Personal information
- Date of birth: May 12, 1956 (age 70)
- Place of birth: Latrobe, Pennsylvania, U.S.
- Position: Defender

College career
- Years: Team / Apps / (Gls)
- James Madison Dukes

Senior career*
- Years: Team / Apps / (Gls)
- 1979: Detroit Express / 0 / (0)
- 1979–1980: Detroit Express (indoor) / 3 / (0)
- 1980, 1981–1982: Pittsburgh Spirit (indoor) / 41 / (1)
- 1983: Pennsylvania Stoners

= Hal Partenheimer =

American soccer player

Hal Partenheimer (born May 12, 1956) is an American retired soccer midfielder who spent one season in the North American Soccer League and two in the Major Indoor Soccer League.
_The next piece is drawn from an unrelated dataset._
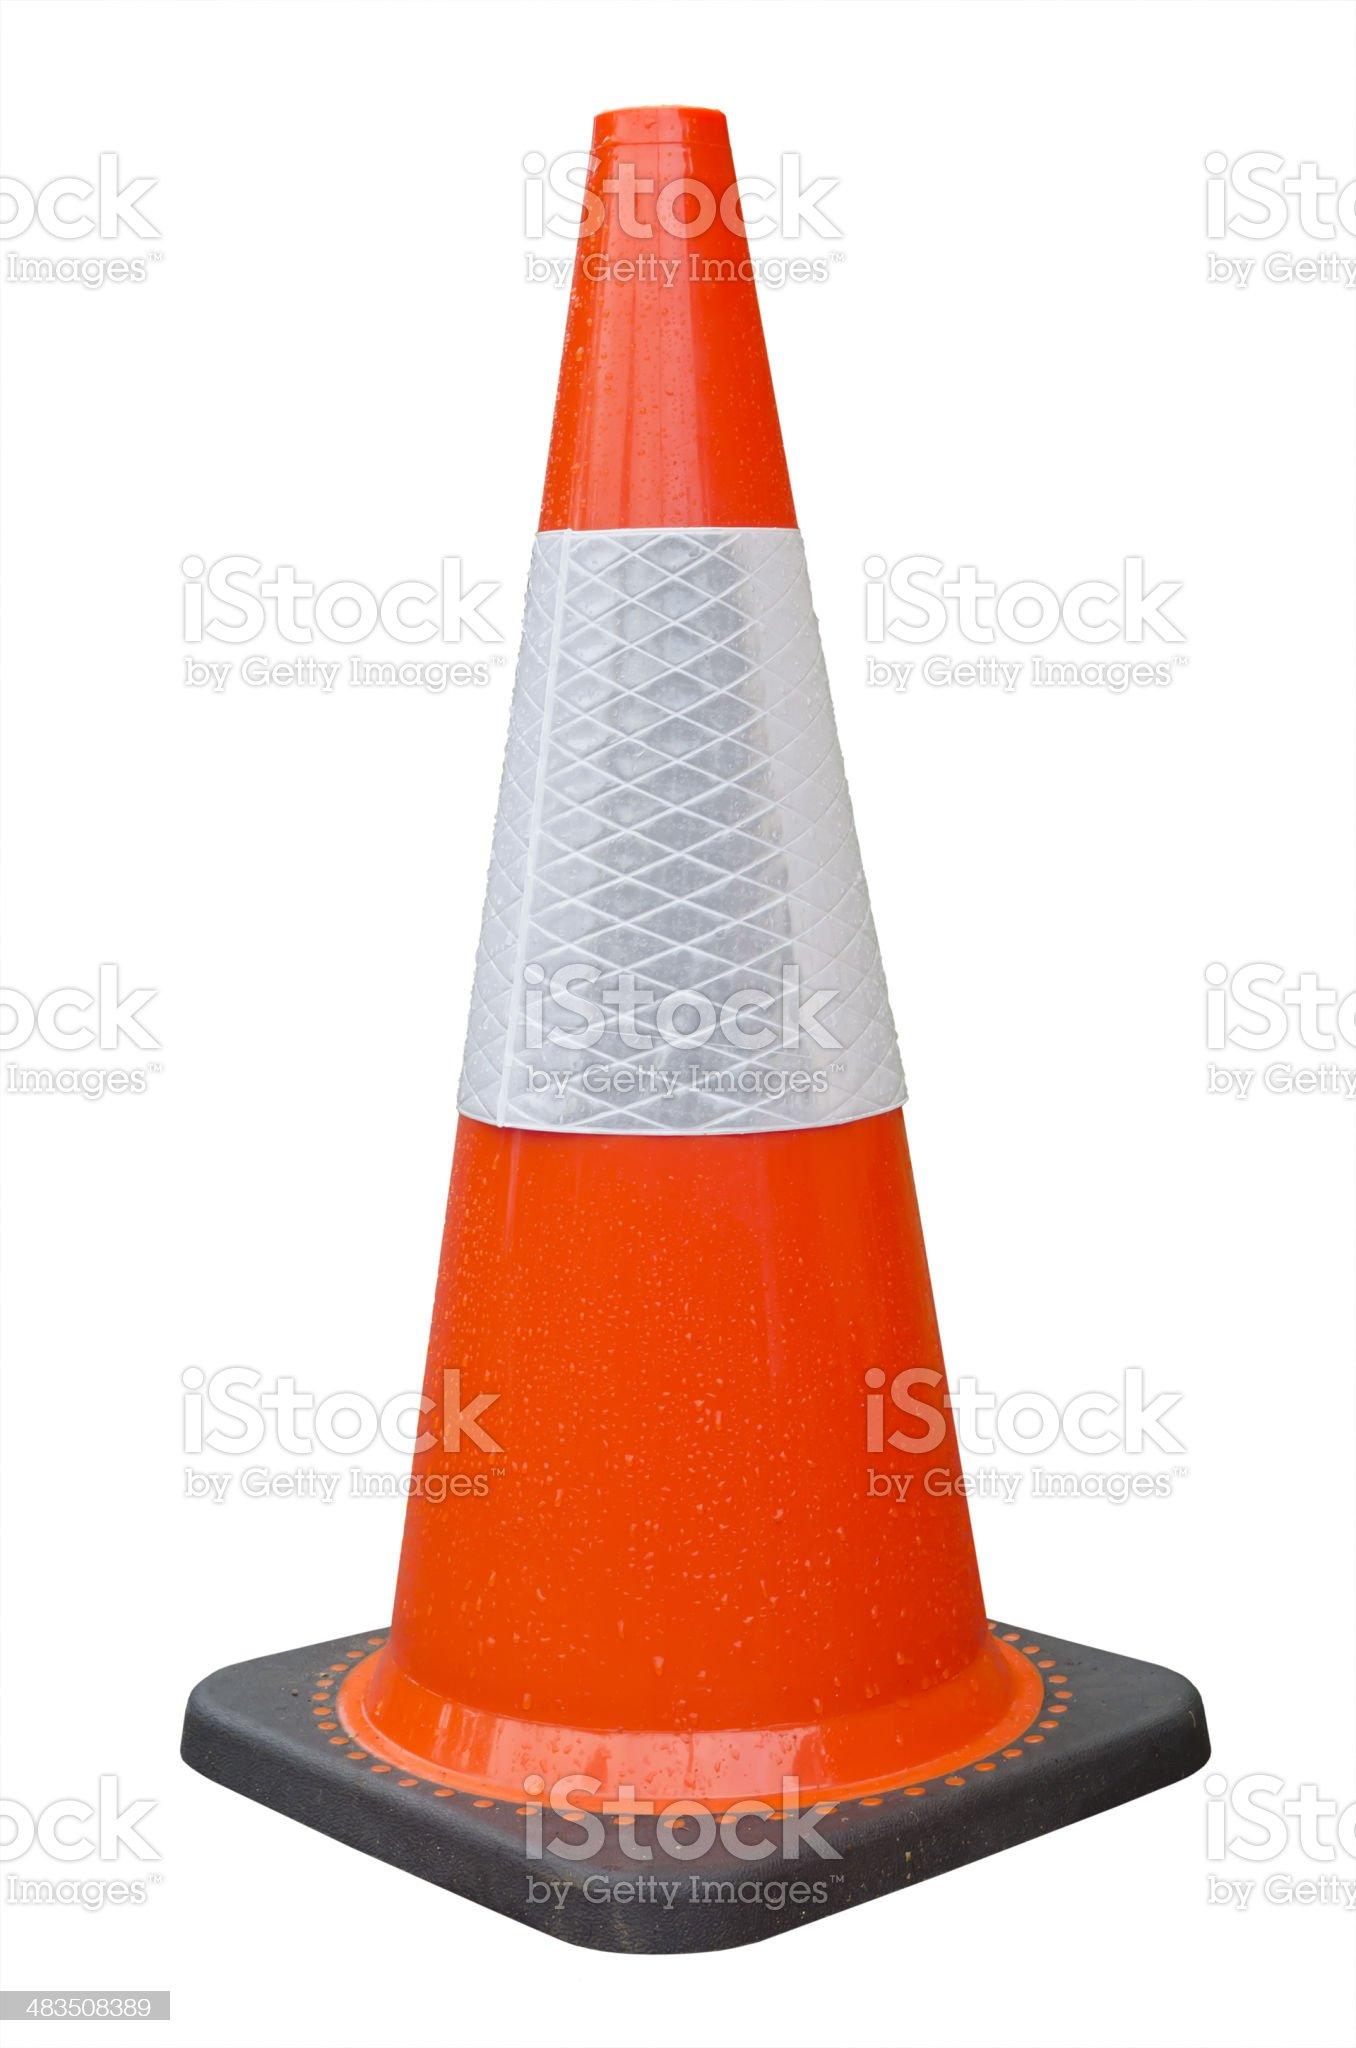 Bright orange traffic cone isolated on white background royalty-free stock photo
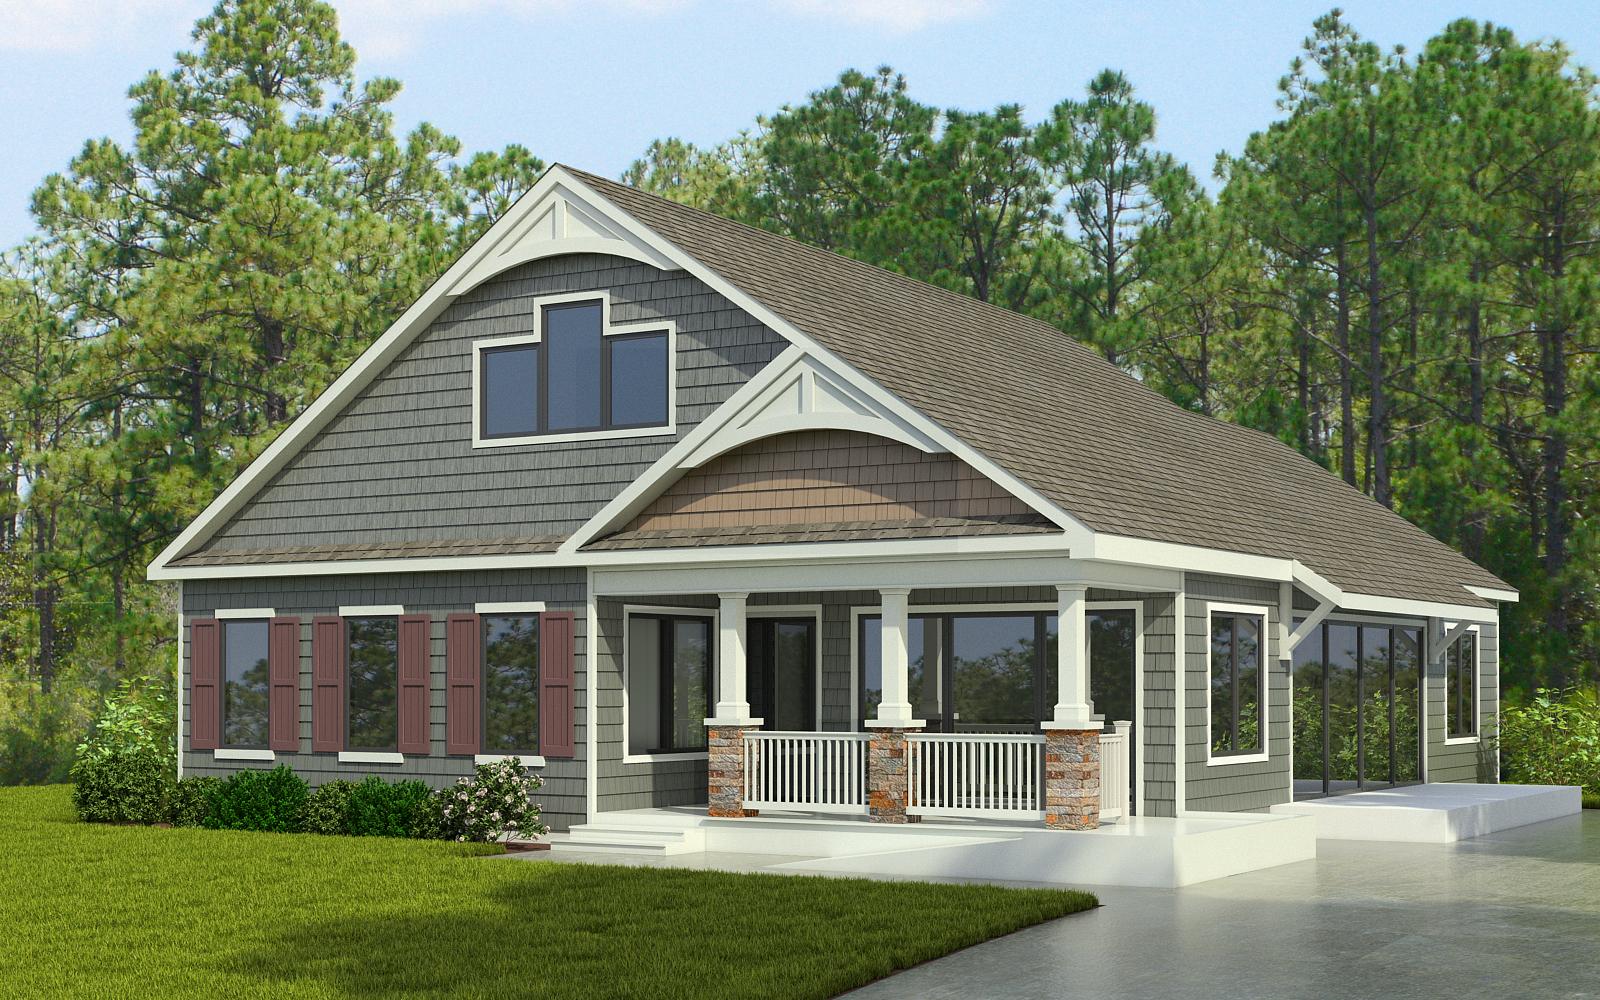 Jim Chapman Communities 55 Home Is Top Draw At 2017 IBS

The son of Stan Partenheimer, and grandson of Steve Partenheimer, Hal Partenheimer graduated from Sewickley Academy in 1974. He is a member of the Sewickley Athletic Hall of Fame. Partenheimer attended James Madison University where he played on the men's soccer team. In 1979, he signed with the Detroit Express of the North American Soccer League, but saw no first team time during the outdoor season. He played three games during the 1979-1980 indoor season before being sent to the Pittsburgh Spirit for cash. He finished the season with the Spirit, then spent a year not playing soccer after the Spirit went into hiatus. In the fall of 1981, he was among the first players re-signed by the Spirit when they resumed operations. In 1983, he played for the Pennsylvania Stoners of the American Soccer League.